Limites de la calculatrice

Trois limites méritent d’être connues avant de faire confiance à un résultat, et toutes sont visibles dans l’interface.

Les radicandes décimaux ne sont pas simplifiés. Tapez 2,25 et vous obtenez 1.5, avec une note indiquant que seule la valeur décimale est affichée. La simplification est définie sur la factorisation d’un entier. Notez au passage que la calculatrice accepte la virgule à la saisie mais affiche le point décimal : 2,25 en entrée donne 1.5 en sortie.

Les très grands radicandes peuvent mettre en échec la factorisation. La recherche teste les diviseurs jusqu’à 1 000 000, ce qui couvre entièrement tout radicande jusqu’à environ 10¹². Au-delà, un radicande dont le plus petit facteur premier dépasse un million est signalé « déjà sous forme la plus simple » alors qu’il ne l’est pas. √1 000 006 000 009 vaut exactement 1 000 003 au carré : la carte décimale affiche correctement 1 000 003, tandis que la carte simplifiée laisse le radical intact. La même forme sous la limite, √994 009, se résout proprement en 997. Lorsque les deux cartes se contredisent, c’est la carte décimale qu’il faut croire.

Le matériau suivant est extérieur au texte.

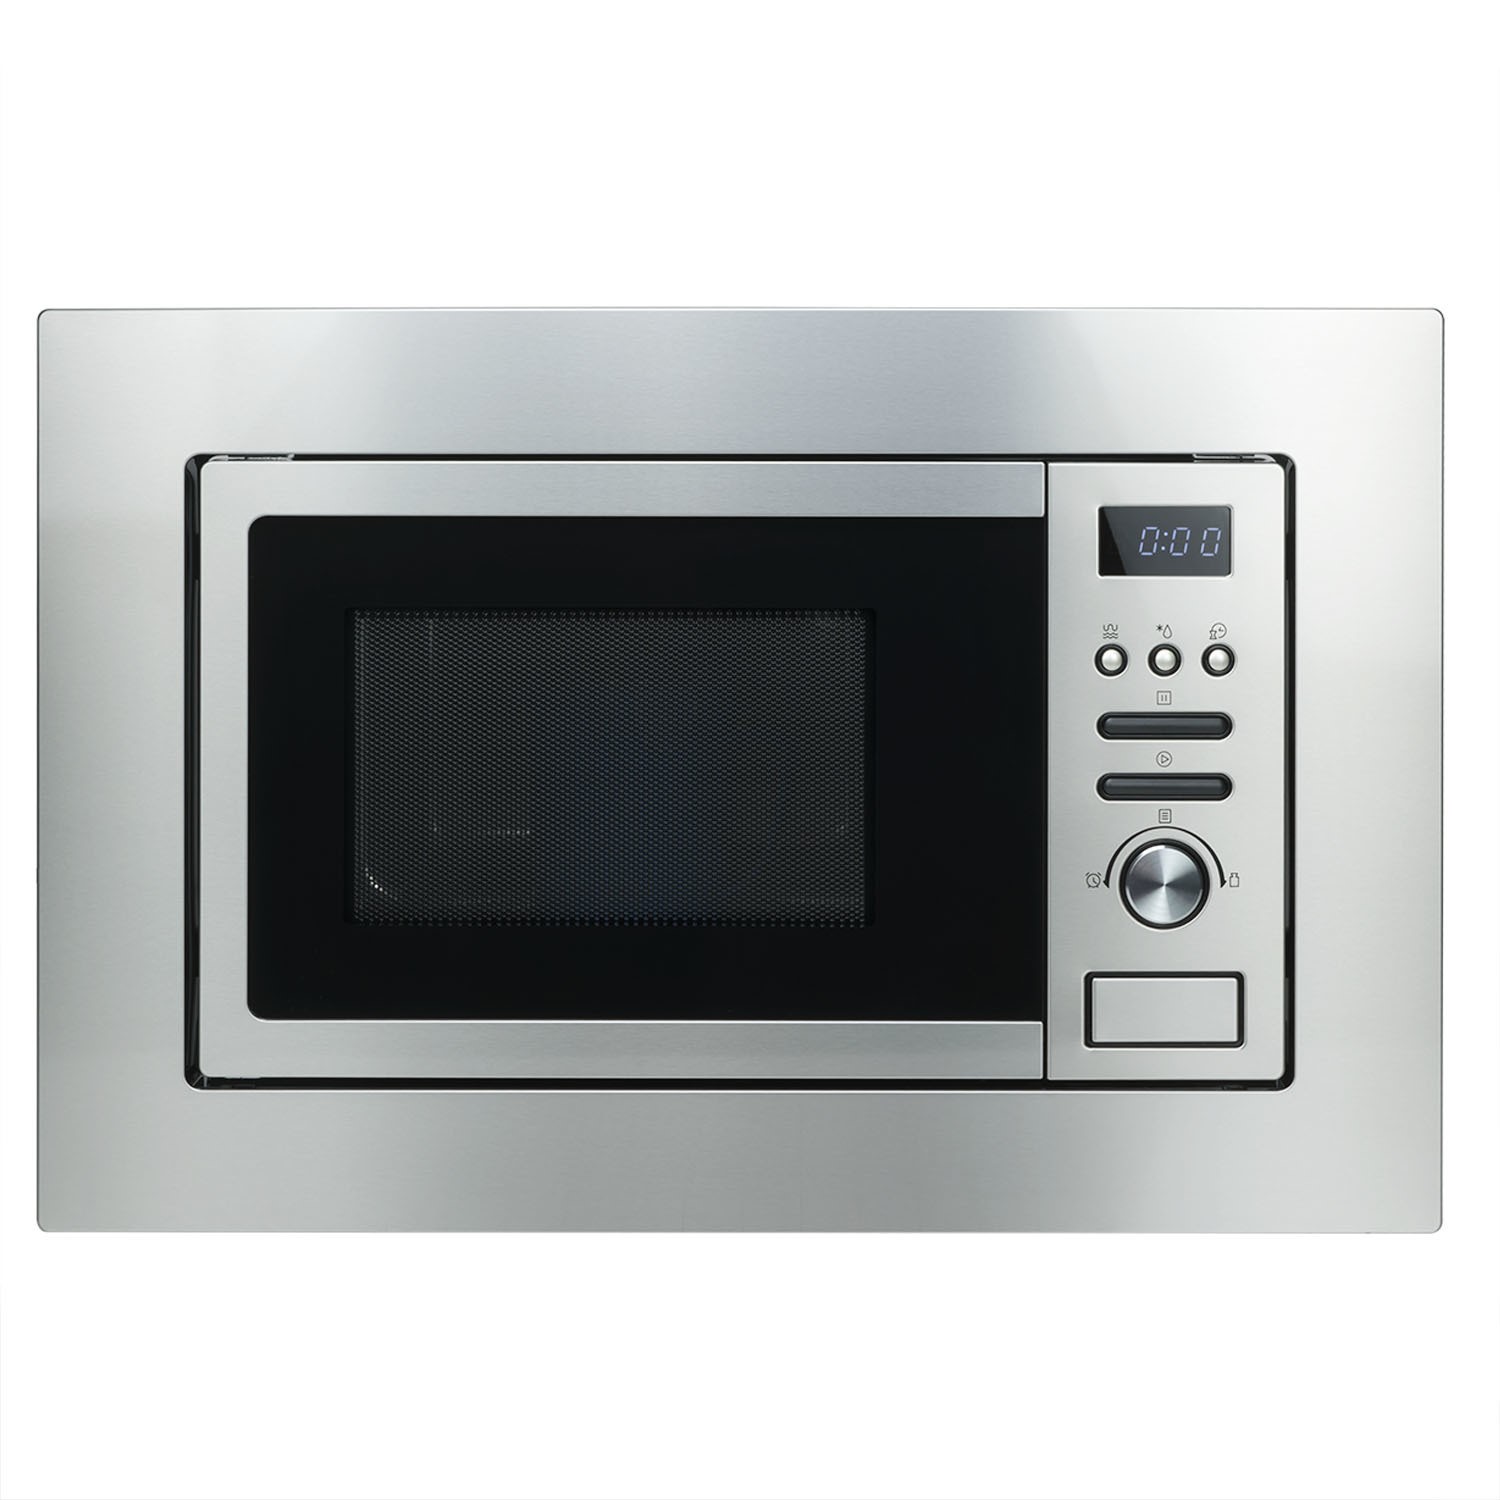 20L Integrated Digital Microwave with Grill in Stainless Steel

Ne recomposez pas un résultat à partir des décimales arrondies. 6 × 1.4142135624 donne 8.4852813744, alors que la calculatrice affiche 8.4852813742 pour √72 : elle calcule la racine directement au lieu de multiplier des morceaux déjà arrondis. L’écart est infime, mais il porte sur le dernier chiffre affiché. Pour un résultat exact, utilisez la forme radicale, pas la décimale — comme dans un problème du diamant, où les deux facteurs ne sont entiers que si S² − 4P est un carré parfait.

Questions fréquentes

Oui. √0 = 0, et la calculatrice l’annonce comme un carré parfait puisque 0 × 0 = 0. C’est le seul radicande à n’avoir qu’une racine au lieu d’une paire positive et négative, et il donne 0 à tout indice.

L’élévation au carré. Les deux opérations s’annulent, donc √72 = 6√2 se vérifie en élevant au carré : 6² × 2 = 72. Plus généralement, l’inverse d’une racine k-ième est l’élévation à la puissance k.

Décomposez le radicande en facteurs premiers, puis sortez chaque premier une fois pour deux exemplaires. Dans 72 = 2³ × 3², les trois 2 donnent un 2 dehors et un 2 dedans, les deux 3 donnent un 3 dehors : √72 = 6√2.

Parce qu’aucun facteur premier n’y apparaît deux fois : 10 = 2 × 5 et 13 est premier. Il n’y a donc rien à extraire, et « déjà sous forme la plus simple » est la réponse exacte, pas un échec de l’outil.

La simplification d’un radical s’appuie sur la factorisation première d’un entier, qu’un décimal ne possède pas. L’outil masque la carte et conserve la valeur décimale, qui reste exacte quand elle peut l’être : √2,25 vaut 1.5.

Parce que (2i)⁴ = +16 et non −16. Attacher i à la racine réelle ne vaut qu’à l’indice 2 ; au-delà, la racine principale se situe à 180°∕k dans le plan complexe, d’où 1.4142135624 + 1.4142135624i.

Un nombre impair de facteurs négatifs reste négatif, donc (−3)³ = −27 et ∛−27 = −3. Les indices pairs ne le permettent pas, d’où l’absence de valeur réelle pour √−16.

6√2 est exact ; 8.4852813742 est arrondi à dix décimales. √72 est irrationnel, son développement décimal ne s’arrête jamais — donnez la forme radicale dès qu’une question demande une valeur exacte.